The third paragraph shifts the focus to chemical nomenclature and how it is managed by the PubChem group at NCBI. It explains the process of aggregating terms for chemical compounds, including computed descriptors based on the chemical structure and identifiers from various organizations. The paragraph provides an example of the Tamoxifen compound page on PubChem, detailing the sections where names, identifiers, and synonyms are listed. It also discusses the availability of downloading information for individual compounds or bulk data through the NCBI FTP site, including GENE_INFO files for gene and protein information and CID-Synonym files for chemical synonyms.

Mindmap
Keywords
๐Ÿ’กGene and Protein
Genes and proteins are fundamental to biological functions and are the focus of much scientific research. In the video, they discuss how the nomenclature for genes and proteins can evolve over time, leading to confusion. The video provides examples of how different names for the same gene or protein can be consolidated and understood through resources like NCBI's Gene database.
๐Ÿ’กChemical Names and Aliases
Chemical compounds can have various names, synonyms, or aliases, which can make literature searches and compound identification challenging. The video explains how NCBI's PubChem group manages this issue by aggregating all terms used for chemical compounds, including official IUPAC names, registry identifiers like CAS, and marketable names.
๐Ÿ’กNCBI (National Center for Biotechnology Information)
NCBI is a vital resource in the field of bioinformatics, providing databases and tools for scientific research. In the video, NCBI is highlighted for its role in standardizing and providing access to information on gene symbols, protein names, and chemical compound synonyms through platforms like the Gene database and PubChem.
๐Ÿ’กRefSeq
RefSeq, or the Reference Sequence project, is a group within NCBI that curates a comprehensive list of terms used for genes and proteins. The video mentions how RefSeq compiles official gene symbols, protein names, and aliases from various sources, including literature and databases, to help researchers navigate the complexities of nomenclature.
๐Ÿ’กIUPAC Name
The IUPAC name, or International Union of Pure and Applied Chemistry name, is the official and systematic nomenclature for chemical compounds based on their atomic structure. The video discusses how IUPAC names are used alongside other identifiers to ensure precise chemical identification, despite the existence of marketable names like Tamoxifen.
๐Ÿ’กAliases or Synonyms
Aliases or synonyms are alternative names for genes, proteins, or chemical compounds. The video emphasizes the importance of recognizing these alternative terms to avoid confusion and ensure accurate scientific communication. NCBI databases, such as Gene and PubChem, include these synonyms to facilitate comprehensive searches.
๐Ÿ’กFTP Site
The FTP (File Transfer Protocol) site mentioned in the video is a resource where researchers can access bulk data files from NCBI, including GENE_INFO files and PubChem databases.
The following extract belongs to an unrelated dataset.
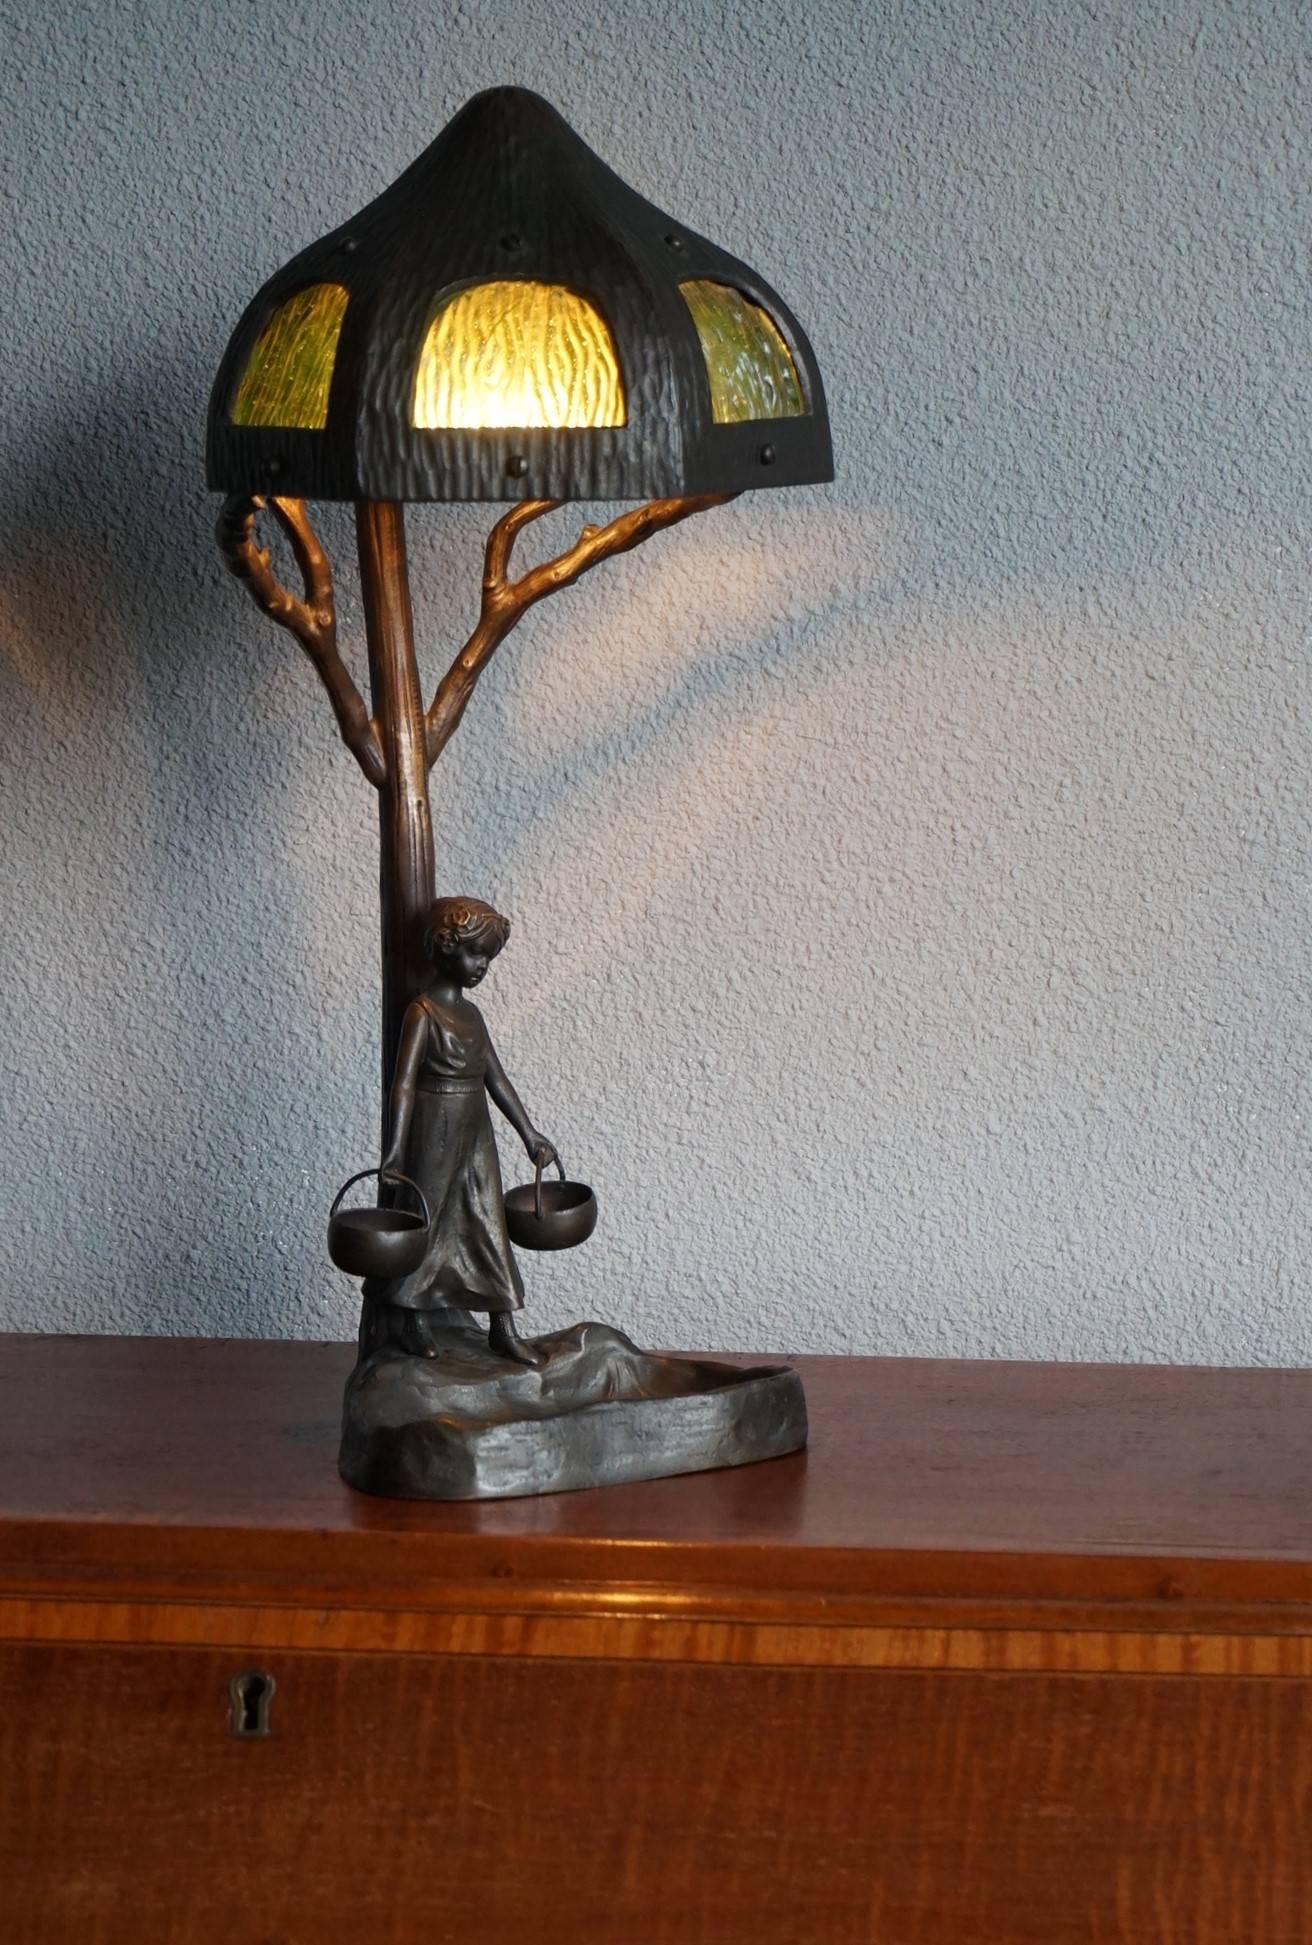 Elegant and highly stylish table lamp.

This handcrafted, bronze table lamp from 1890-1910 is of museum quality and condition. This top-quality antique has an amazing look and feel and it was either made in Germany or Austria. This work of lighting

These files are crucial for those who need extensive datasets for research or analysis, as they provide a wealth of information in a downloadable format.
๐Ÿ’กGENE_INFO Files
GENE_INFO files are tab-separated text files produced by the RefSeq group that contain extensive information about genes, including gene symbols and protein names. The video explains that these files are updated regularly and can be accessed via the NCBI FTP site, offering a valuable resource for researchers interested in gene and protein data.
๐Ÿ’กPubChem Compound Identifier (CID)
The PubChem Compound Identifier (CID) is a unique number assigned to each chemical compound in the PubChem database. The video discusses how the CID is used in conjunction with synonyms to help researchers identify and search for chemical compounds within the PubChem database.
๐Ÿ’กComputed Descriptors
Computed Descriptors are terms generated by a software program based on the chemical structure of a compound. These include IUPAC names, InChI, InChI Key, SMILES, and SMARTs. The video explains that these descriptors are part of the comprehensive data available on PubChem Compound record pages, aiding in the identification and search of chemical compounds.
๐Ÿ’กNCBI Insights Blog
The NCBI Insights Blog is a platform that provides information about NCBI resources, including tips and tricks for using their databases effectively. The video script mentions that detailed instructions on how to access gene and protein aliases, as well as chemical synonyms, are available through blog posts, which can be easily accessed through provided links.
Highlights

The webinar discusses gene, protein, and chemical nomenclature, addressing the challenges of evolving scientific terminology.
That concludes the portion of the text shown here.